THE ASSOCIATED PRESS
July 3, 2022 at 18:55 JST
In this photo provided by the Luhansk region military administration, Ukrainian firefighters work to extinguish a fire at damaged residential building in Lysychansk, Luhansk region, Ukraine, early Sunday, July 3, 2022. (Luhansk region military administration via AP)
KYIV--Russian forces are strengthening their positions in a grueling fight to capture the last stronghold of resistance in eastern Ukraine's Luhansk province, the region's governor said Sunday.
Ukrainian fighters have spent weeks trying to defend the city of Lysychansk, and to keep it from falling to Russia, as neighboring Sievierodonetsk did a week ago. A presidential adviser predicted its fate could be determined within days.
“The occupiers threw all their forces on Lysychansk. They attacked the city with incomprehensibly cruel tactics,” Luhansk governor Serhiy Haidai said on the Telegram messaging app. “They suffer significant losses, but stubbornly advance. They are gaining a foothold in the city.”
A river separates Lysychansk from Sievierodonetsk. Oleksiy Arestovych, an adviser to the Ukrainian president, said during an online interview late Saturday that Russian forces had managed for the first time to cross the river from the north, creating a “threatening” situation.
Arestovych said they had not reached the center of the city but that the course of the fighting indicated the battle for Lysychansk would be decided by Monday. In May, Ukrainian and British officials reported that Russia lost nearly an entire battalion in an attempt to cross the Siverskyi Donets River and set up a bridgehead.
Taking Lysychansk would bring Moscow closer to its stated goal of seizing all of Ukraine's Donbas region. Luhansk and neighboring Donetsk are the two provinces that make up the Donbas, where Russia has focused its offensive since pulling back from northern Ukraine and the capital, Kyiv, in the spring.

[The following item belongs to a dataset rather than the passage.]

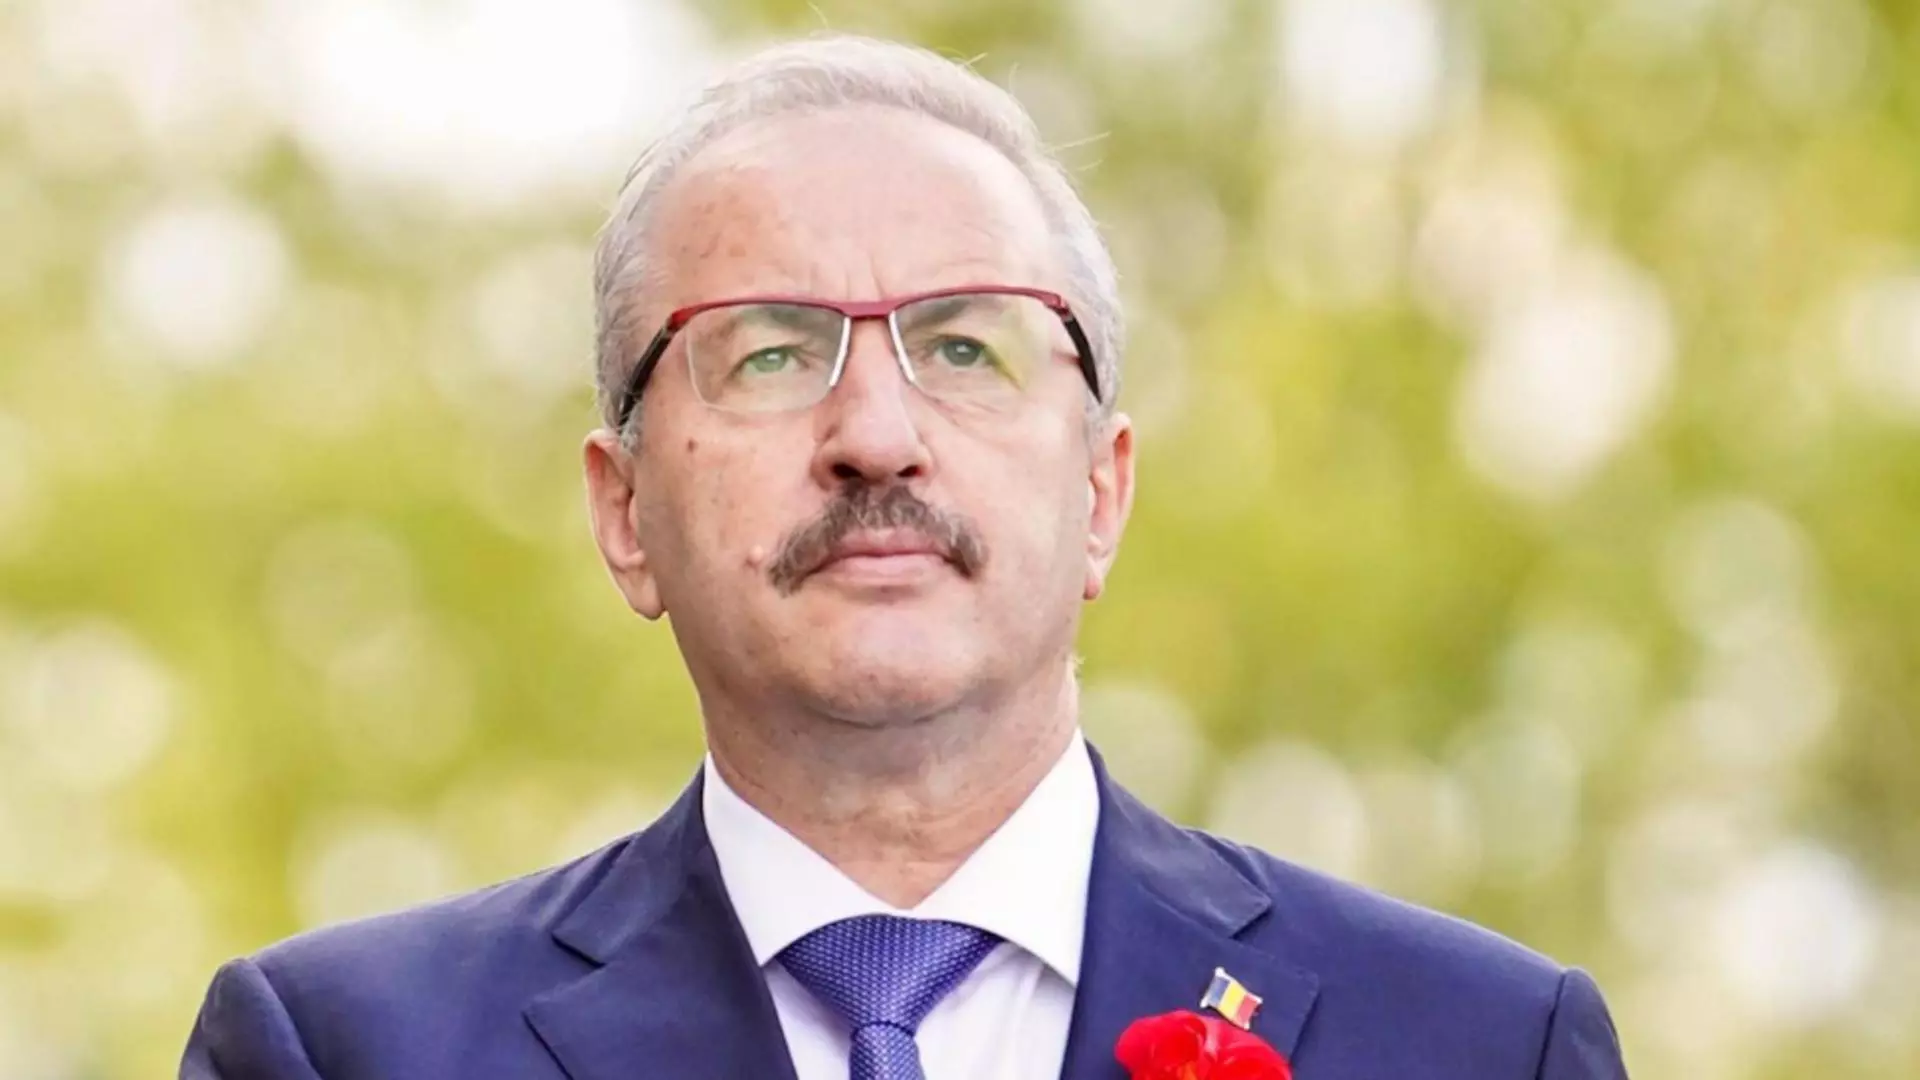 Vasile Dîncu a demisionat din funcția de ministru al Apărării după declarațiile controversate referitoare la Rusia
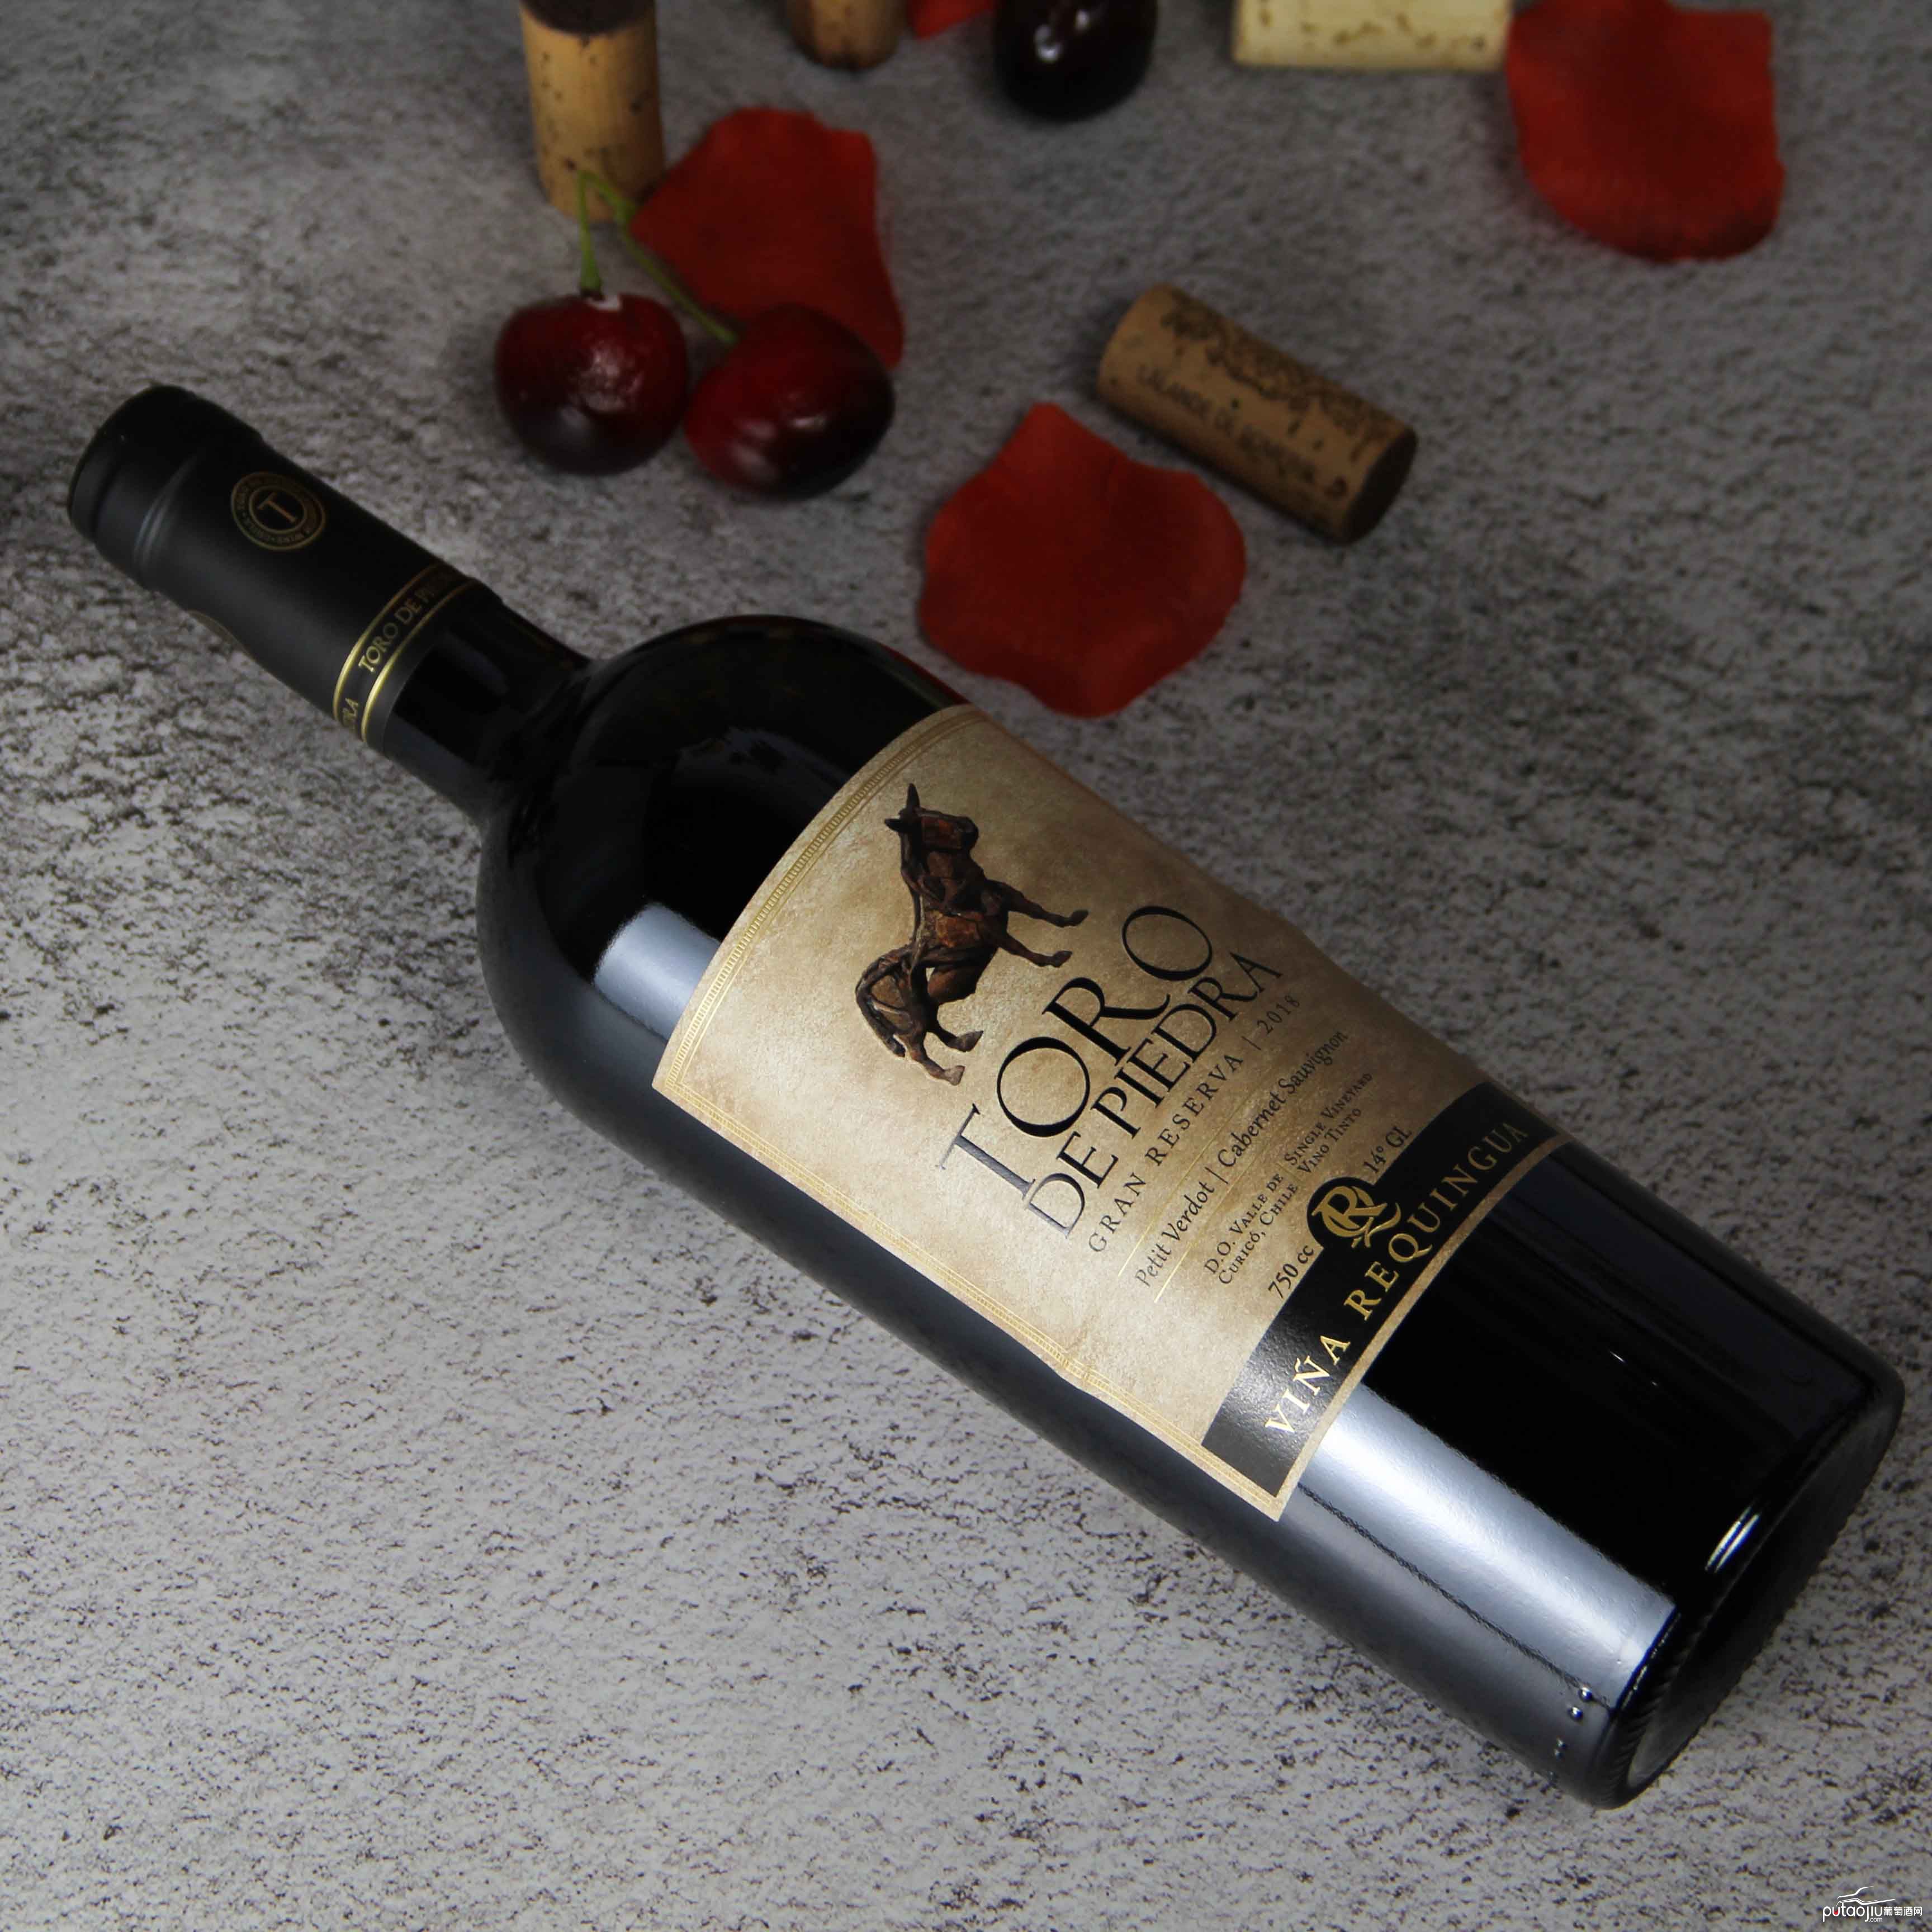 智利巨石牛特级珍藏小维尔多赤霞珠干红葡萄酒红酒

Pro-Russia separatists have held portions of both eastern provinces since 2014, and Moscow recognizes all of Luhansk and Donetsk as sovereign republics. Syria’s government said Wednesday that it would also recognize the “independence and sovereignty” of the two areas.
If Russian forces take Lysychansk, it would open the way for them to move west into province, where the sizable Ukrainian-held city of Slovyansk has come under rocket attacks several times since Russia invaded Ukraine on Feb. 24.
Elsewhere in the war, the exiled mayor of the Russia-occupied city of Melitopol said Sunday that Ukrainian rockets destroyed one of four Russian military bases in the city.
The Russian Defense Ministry said Ukraine also launched missile and drone attacks in western Russia, on the cities of Kursk and Belgorod, but that the aerial weapons were shot down. Kursk regional governor Roman Starovoit said the town of Tetkino, on the Ukraine border, came under mortar fire.
The leader of neighboring Belarus, a Russian ally, claimed Saturday that Ukraine fired missiles at military targets on Belarusian territory several days ago but all were intercepted by an air defense system. President Alexander Lukashenko described the alleged strike as a provocation and noted that no Belarusian soldiers were fighting in Ukraine.
There was no immediate response from the Ukrainian military.
Belarus hosts Russian military units and was used as a staging ground for Russia’s invasion. Last week, just hours before Lukashenko was to meet with Russian President Vladimir Putin, Russian long-range bombers fired missiles on Ukraine from Belarusian airspace for the first time.
Lukashenko has so far resisted efforts to draw his army into the war. But during their meeting, Putin announced that Russia planned to supply Belarus with the Iskander-M missile system and reminded Lukashenko that his government depends on economic support from Russia.